Author Interview – Fiona Ingram @FionaRobyn

How important are villains in a story? Villains are sometimes the best part of the story. Besides, a hero can only be heroic if there’s a villain to offset his bravery. Villains and their evil machinations make life interesting. Someone has to stop them or foil their nefarious plans. I like all the villains in my books, those written as well as those planned. Villains are usually clever and wily. They rely on their brains, not brute force.

Their motives and desires are actually often as grand as heroic ambitions, just really on the side of bad, not good. Villains are also self-absorbed but they can see the bigger picture. A clever villain knows when to retire from the battlefield. After all, ‘he who fights and runs away, lives to fight another day.’ Villains keep the plot going. A multifaceted villain, such as a baddie who loves his mother, or volunteers at an animal shelter, is a villain with interesting angles. No one wants a thug: they want Machiavelli because he’s more intriguing.

Do you have to travel much concerning your books? I am such a globetrotter that I think my adventure series has just given me lots of excuses to pack and explore! I began travelling from an early age and I found the contact with other cultures shaped my vision of life and matured me.

I began to see life differently, and to appreciate how other people live, think, and feel about life. When the idea for the series grew, I just knew setting the various adventures in unusual countries would appeal to young readers. The Secret of the Sacred Scarab was inspired by my trip to Egypt. The next book was sparked by my trip to Britain; and hopefully I will complete the research for the third book by going on a trip to the jungles of Mexico.

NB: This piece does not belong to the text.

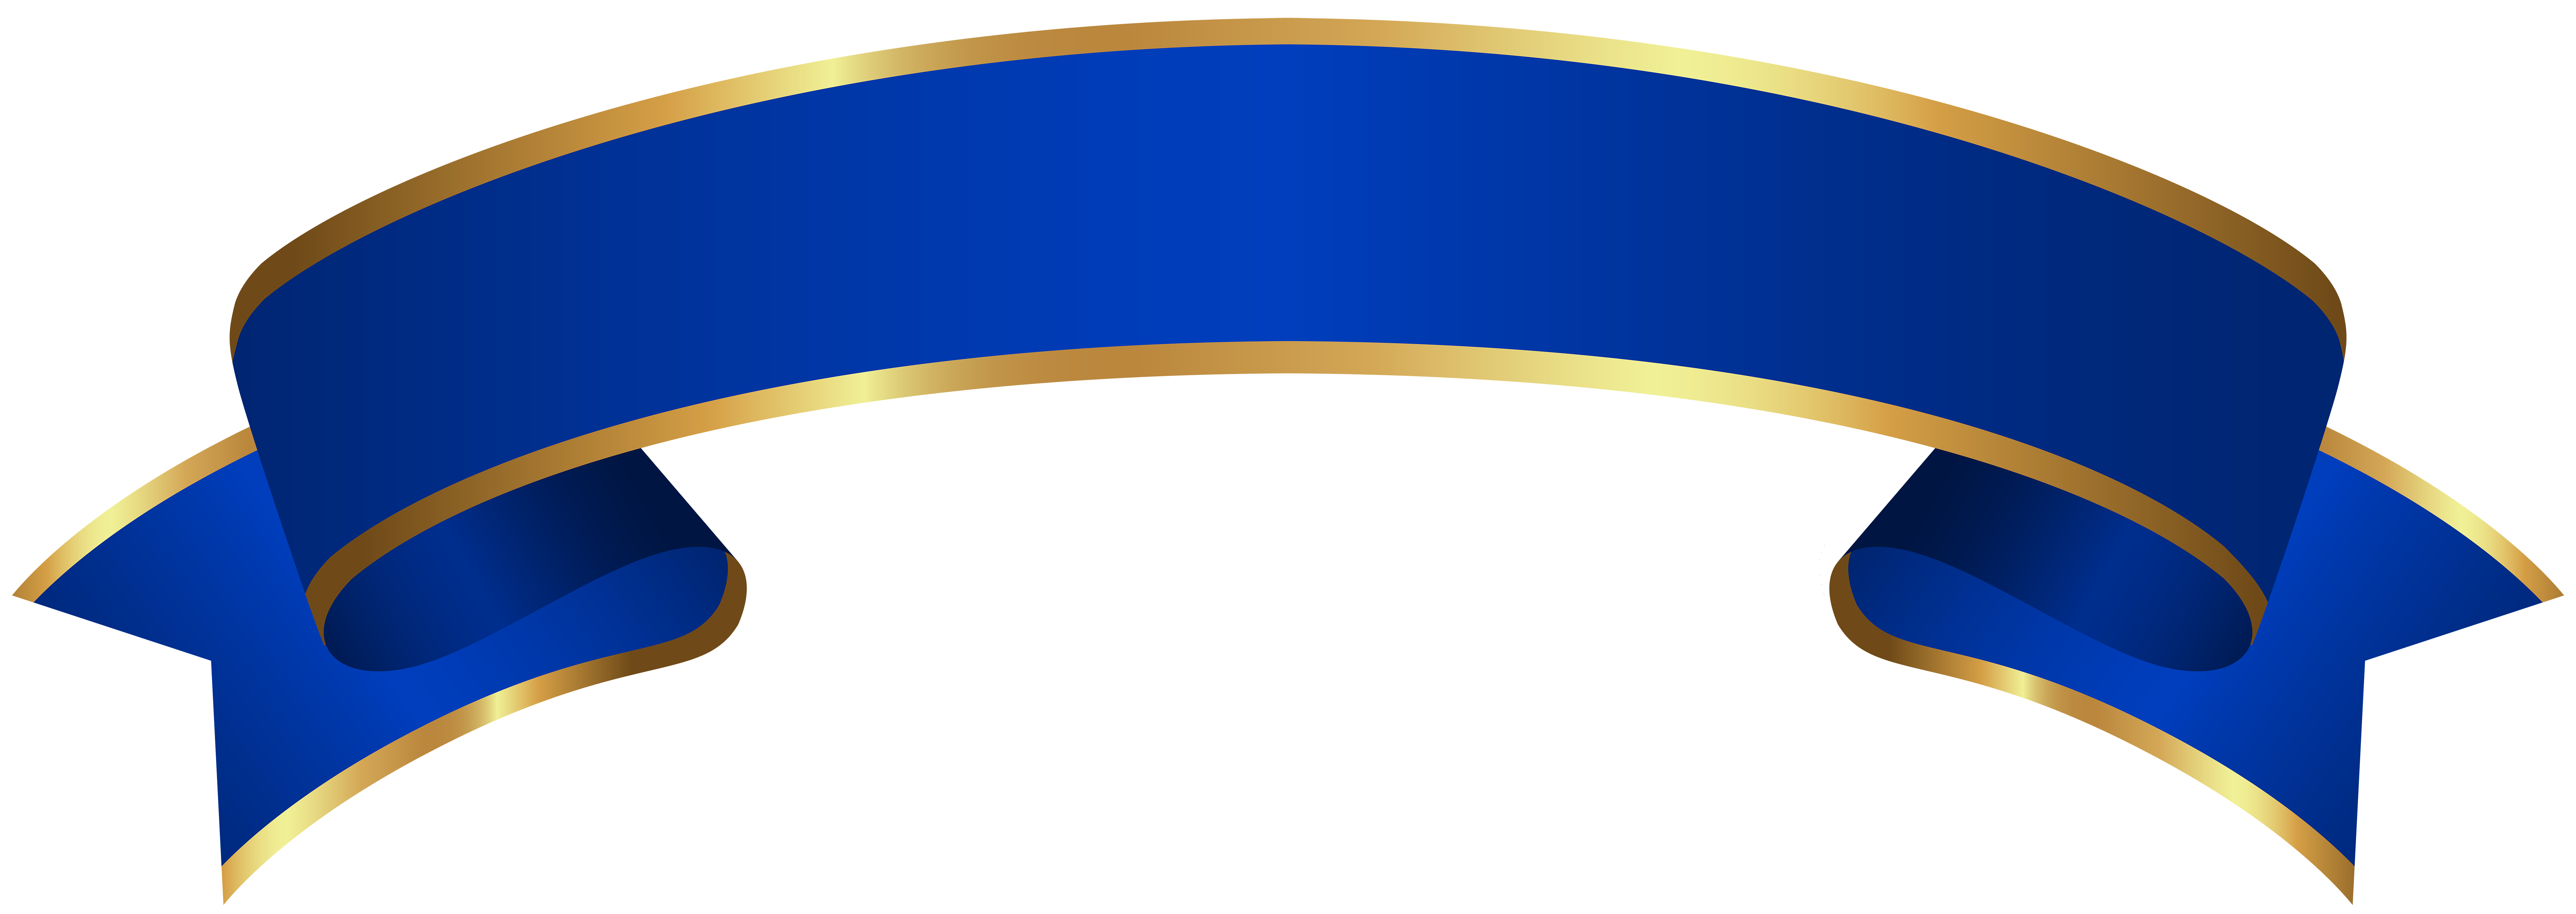 Blue Gold Banner Transparent Clip Art.

Can we expect more books from you in the future? Absolutely. I am whizzing along. When I began researching the ‘mythology’ behind The Secret of the Sacred Scarab, I discovered such a deep and wonderful world of legends and ancient teachings that the book began to grow almost a ‘super identity.’ This back history became so compelling that I knew it couldn’t end with the first book.

The end of the first story then became the beginning of another. Writing the second book (The Search for the Stone of Excalibur) was quicker because Dark Ages Britain (the time when the historical Arthur lived) is not as complex or as well documented as Ancient Egypt. The themes are different, but the medieval world of ancient manuscripts and monasteries is as fascinating. Secret associations, poisons and cures … murder most foul … lots of good stuff.

I don’t get bored with the characters at all because their responses to each new story and situation bring out different aspects of them. Each book has such a strong theme, and a powerful message that goes beyond the mere story. For example: Book One emphasized the value of cultural heritage; Book Two (The Search for the Stone of Excalibur) will highlight the value of recorded history and the (often dangerous) power of knowledge; Book Three (The Temple of the Crystal Timekeeper) will uncover pressing environmental issues in the Mexican jungles, and so on. Each country I have chosen also has a unique aspect that enables me to give more to the reader without consciously hammering home a message.

Do you have any advice for writers? Yes, lots. I have written two good articles (on Getting Published and Self-Marketing) which are on my author site (www.FionaIngram.com) under Media Room. They cover just about everything you need to know. But here are four must-do steps.

Finish your manuscript. Have it professionally edited and prepared before sending it to an agent/publisher.

Start researching your marketing strategies from day one (while still writing). Just because you’ve written a book doesn’t mean to say people will automatically rush out and buy it. Subscribe to newsletters and e-zines because there is a wealth of information about the book trade, many ‘how to’ tips and articles, and lists of book competitions.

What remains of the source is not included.